Water for Elephants – Movie Review

Posted by FATEMA H.KAGALWALA on May 6, 2011 | No Comments

PRODUCER – Gil Netter, Erwin Stoff, Andrew R. Tennenbaum

DIRECTOR – Francis Lawrence

WRITER – Richard LaGravenese (screenplay), Sara Gruen (novel of the same name)

CAST – Robert Pattinson, Reese Witherspoon and Christoph Waltz

MUSIC – James Newton Howard

Jacob’s (Robert Pattinson) parents pass away when he is in his final year at Cornell leaving behind huge debts. With nothing to live by and for, Jacob leaves the city, a stowaway on a train carrying a travelling circus. As an almost qualified vet he gets a job with the circus and with it a ringmaster August (Christoph Waltz) who is a victim of his own psychosis. Jacob falls in love with August’s wife Marlene (Reese Witherspoon) and she returns his tenderness while they share more than a common love for the circus animals, primarily Rosie, a newly-acquired elephant and August’s star attraction. Will the couple be able to win against the cruelty of August, the despotism of the circus traditions in mid-30s and their own faltering hearts?

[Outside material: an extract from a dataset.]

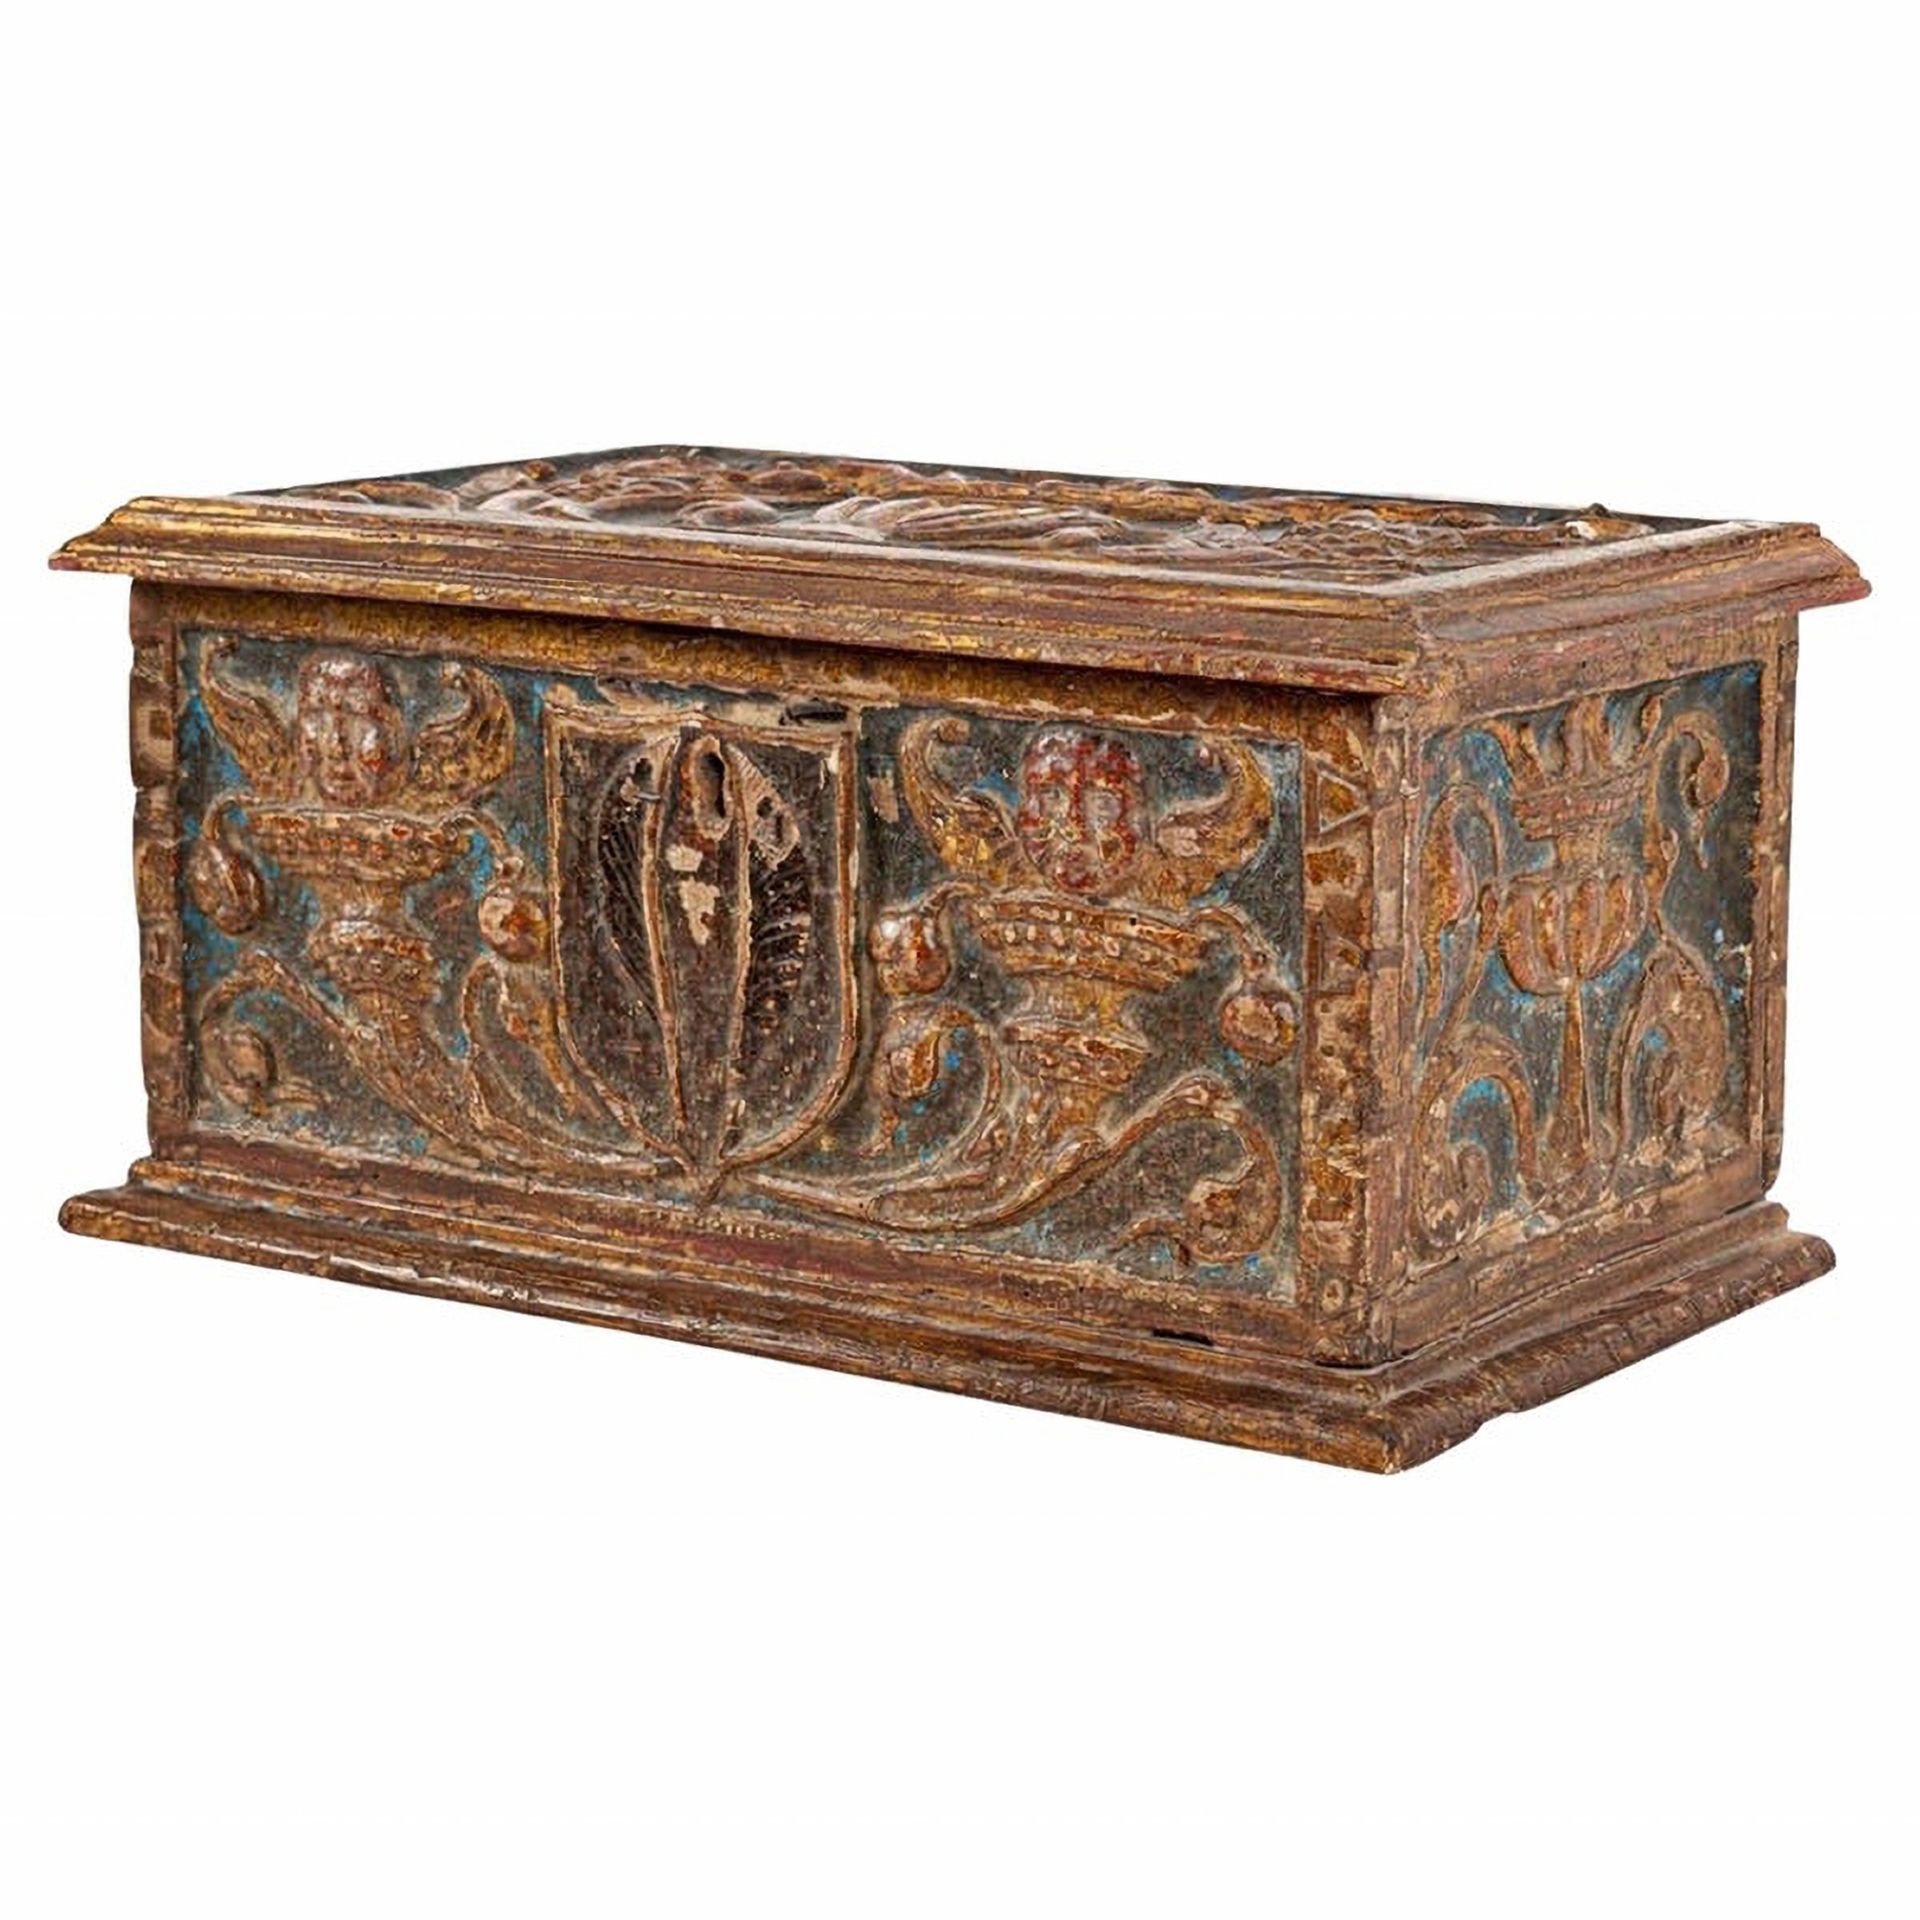 Aragonese Renaissance chest, 16th century

However, their uniting isn’t the central objective of the story. The film starts with an old Jacob recounting his life story to another circus employee. The film pans out in a flashback and tells the story of Jacob, Marlene and Rosie with a lot of tenderness. But somehow this tenderness stays limited to their lives and does not reach the viewer to encompass him into a world of grandeur and romance.

The circus acts in themselves are perfunctory and devoid of the spectacle and drama that it intends to portray. The narrative is loose and too flaccid for a story of such passion. Robert Pattinson and Reese Witherspoon put up convincing performances while Christoph Waltz gets stereotyped in yet another eccentric and psychotic role.

A combination of a tepid screenplay and a certain lack of depth, with most events being ‘told’ through dialogues, even August’s habits, makes for a less involved viewing. For lovers of period films there isn’t much to look forward to either and neither is the circus culture presented as an alive world to derive a satisfaction of delving into. Like said earlier, it makes for an absorbing book but as a film the story doesn’t hold much especially with the cursory treatment the screenplay gives it.